By Steve Thompson
The Dallas Morning News
DALLAS — Early Monday, a fire engine sped to a grass fire along a two-lane road in Pleasant Grove.
Thanks to a pre-dawn layer of dew, the firefighters snuffed it out within minutes, and they might have taken little note.
But for the firefighters of Dallas Fire-Rescue Station 51, this blaze was far from routine — it may have been started by one of their own, police say.
While his colleagues dealt with the fire, off-duty firefighter Michael Sean Taylor was down the road being arrested on a charge of driving while intoxicated.
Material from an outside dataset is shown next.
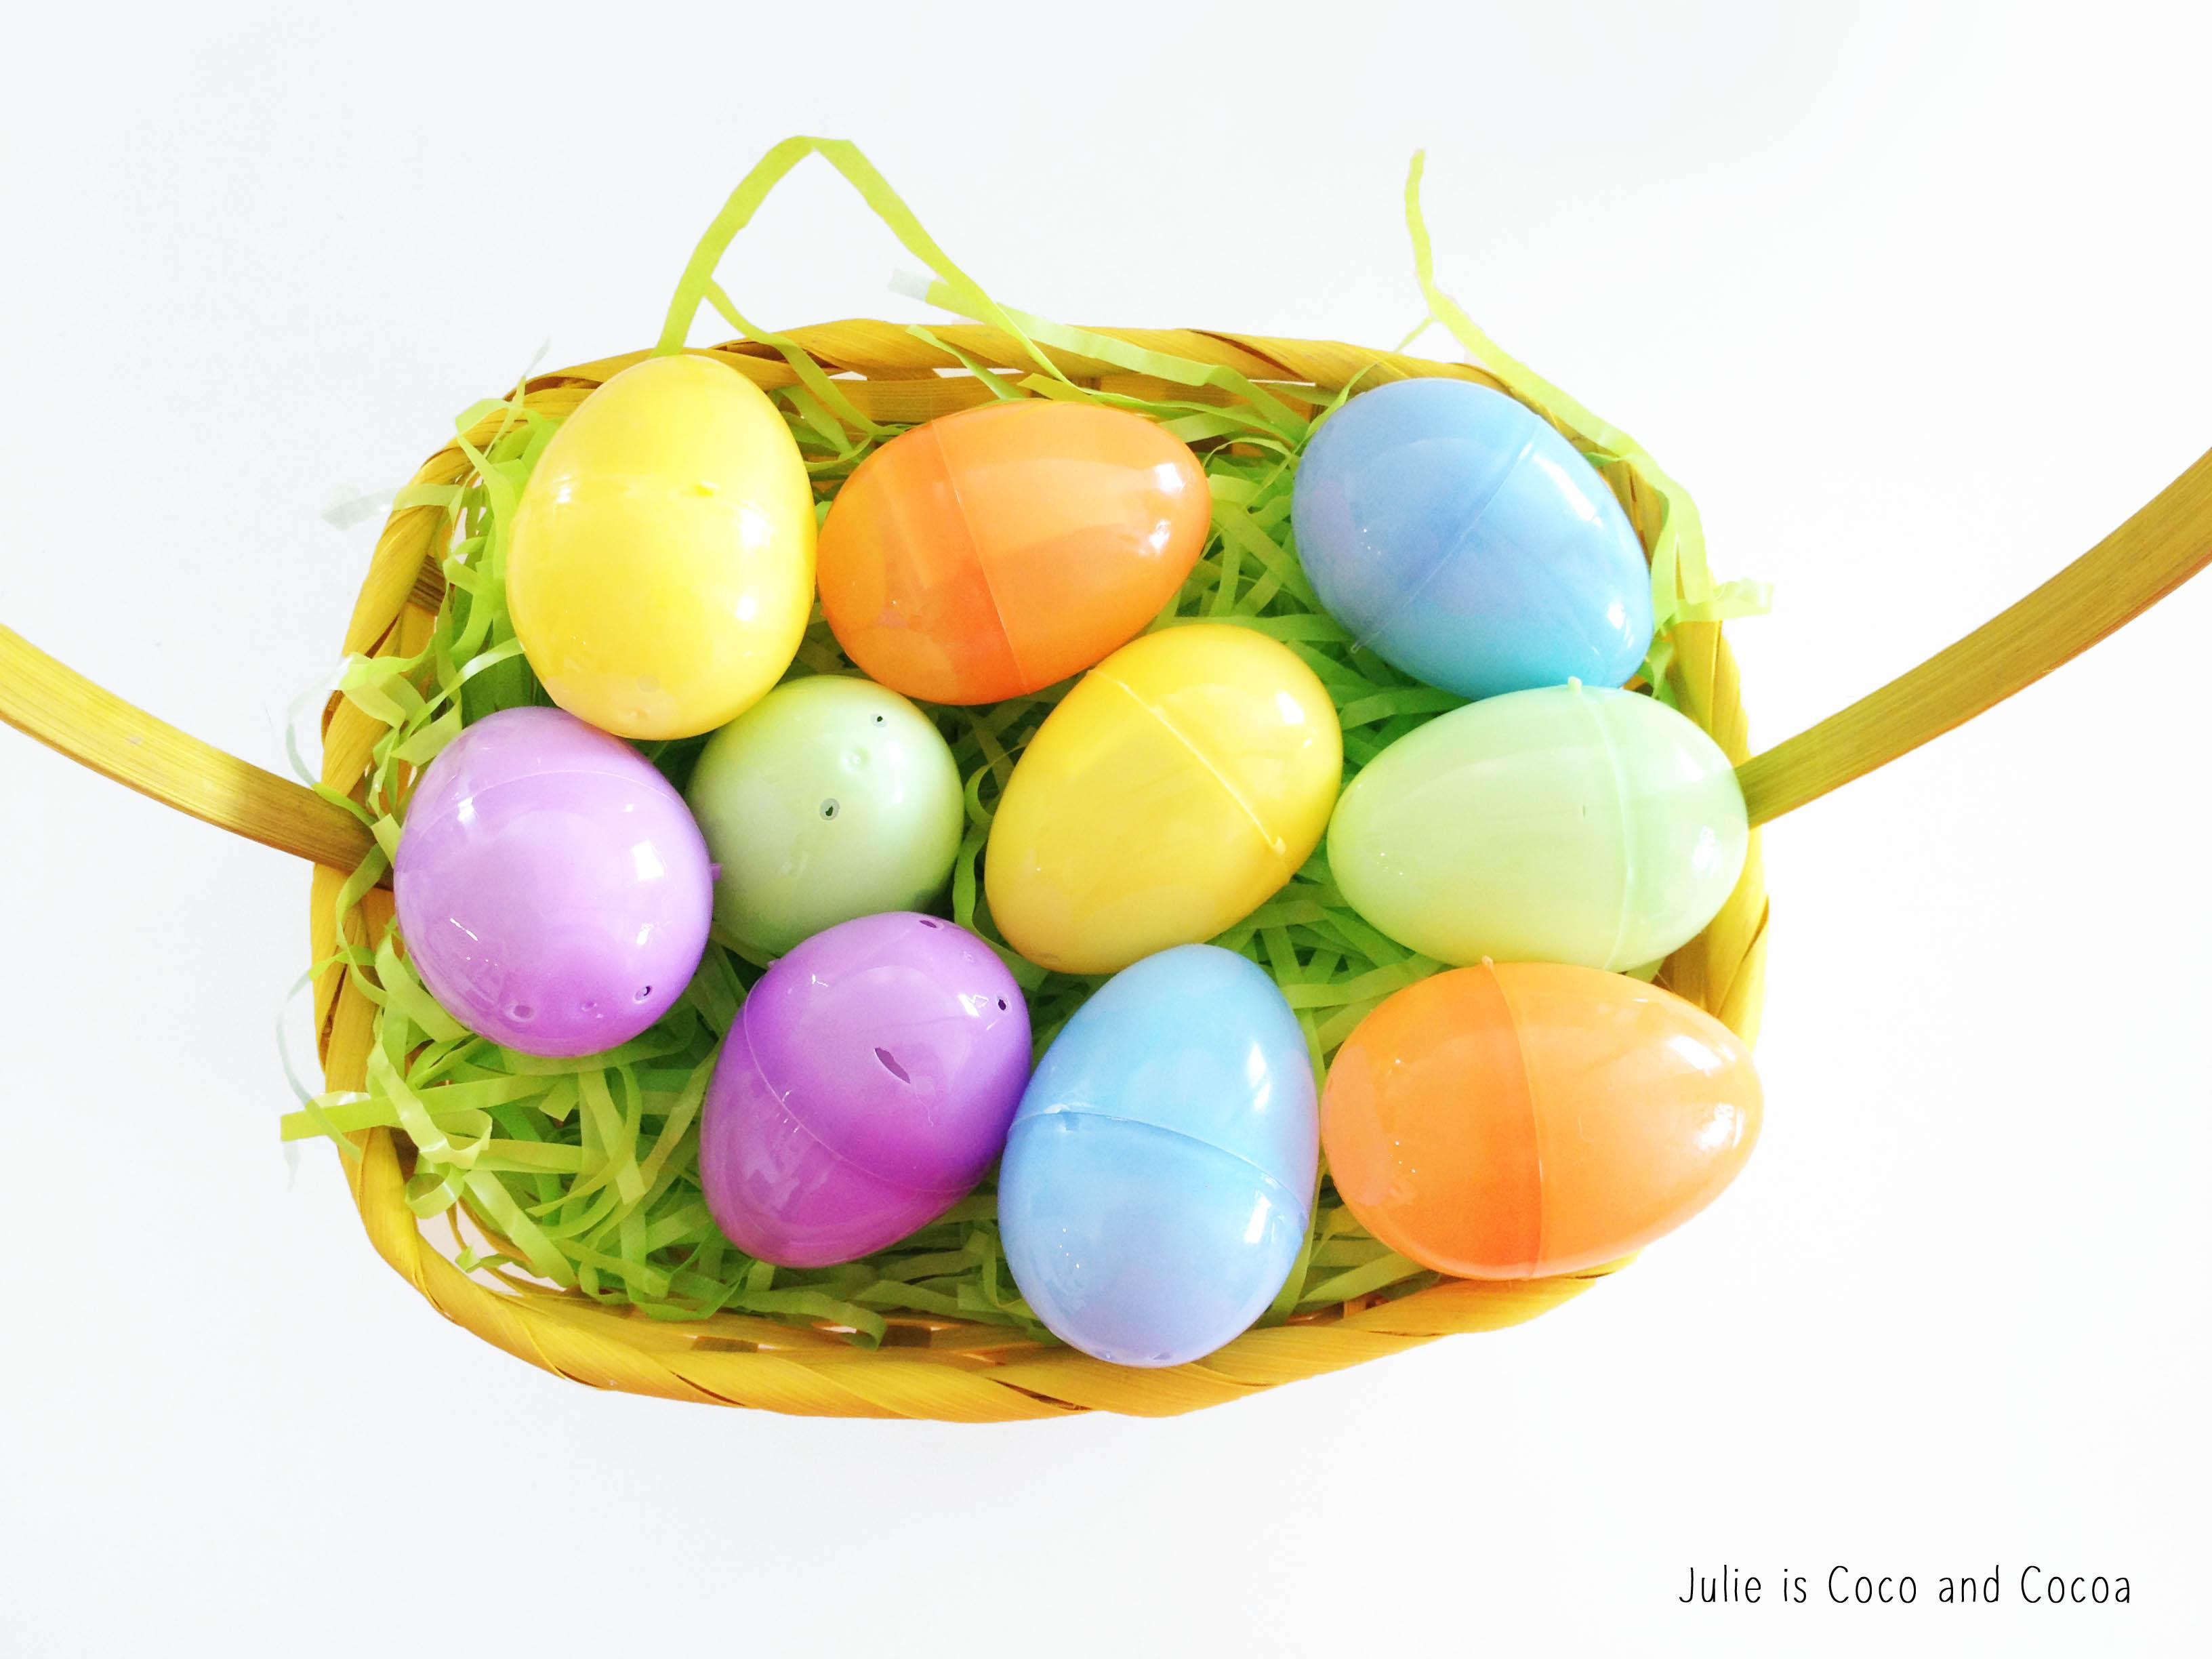 qr codes easter egg basket

Dallas police say an officer who encountered the blaze about 3 a.m. spotted Mr. Taylor, 34, tossing some sort of liquid into it.
When Mr. Taylor noticed the officer watching, police say, he got into his black 2000 Ford pickup and drove off.
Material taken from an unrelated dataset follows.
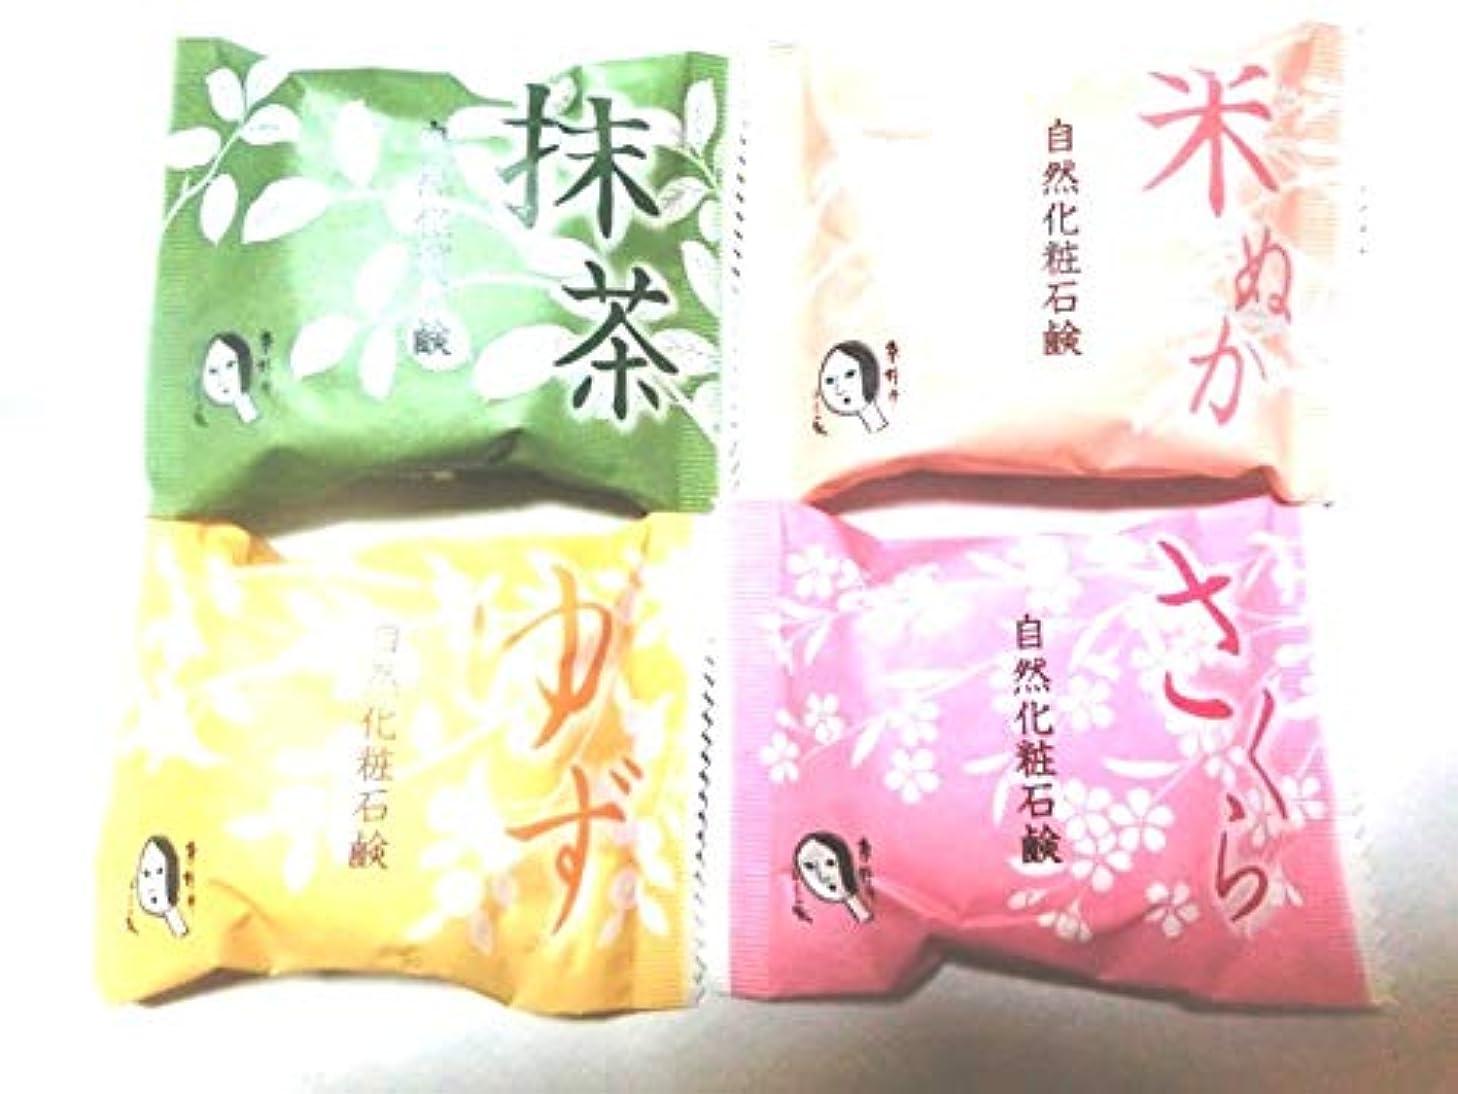 弱まるマーチャンダイジング全体よーじや 自然化粧石鹸 50g (さくら)

After stopping the pickup, the officer found a red gasoline can inside and Mr. Taylor at the wheel, smelling of alcohol, police say.
With slurred speech and bloodshot eyes, the firefighter failed a field sobriety test, police say.
Later at the Dallas County Jail, a breath test indicated his blood-alcohol level was 0.139 percent, police say.
The legal limit for driving is 0.08.
Though the officer said he saw Mr. Taylor feeding the fire, police did not arrest him for that.
Fire-Rescue investigators are looking into the allegation.
“We want everyone to understand he’s innocent until proven guilty,” said Fire-Rescue spokesman Joel Lavender.
“At the same time, this situation is serious enough that we felt it necessary to place him on administrative leave.”
Mr. Taylor has been a Dallas firefighter for seven years.
He works at Station 51, about half a mile from the fire along Grady Lane.
Firefighters setting fires isn’t common, but it happens often enough that some fire-rescue agencies have assigned task forces to study the issue.
“Slowly, the fire service is shedding light on a situation that occurs rarely but which is nevertheless serious: some firefighters intentionally start fires,” said a 2003 report by the U.S. Fire Administration.
Among firefighter arsonists, “the number one motive was excitement, especially among young firefighters who were eager to put their training to practical use and to be seen as heroes to fellow firefighters and the community they served,” said the report, citing research by the FBI in the 1990s.
Others feel alienated from their departments, the report said.
Still others express a simple fascination with fire.
Lt. Lavender said he couldn’t recall from his 25 years with the agency another Dallas firefighter being accused of starting a fire.
“As a department, we’re concerned about the image and what we do as firefighters,” he said.
“But as firefighters we’re concerned about, you know, is something hurting our brother?”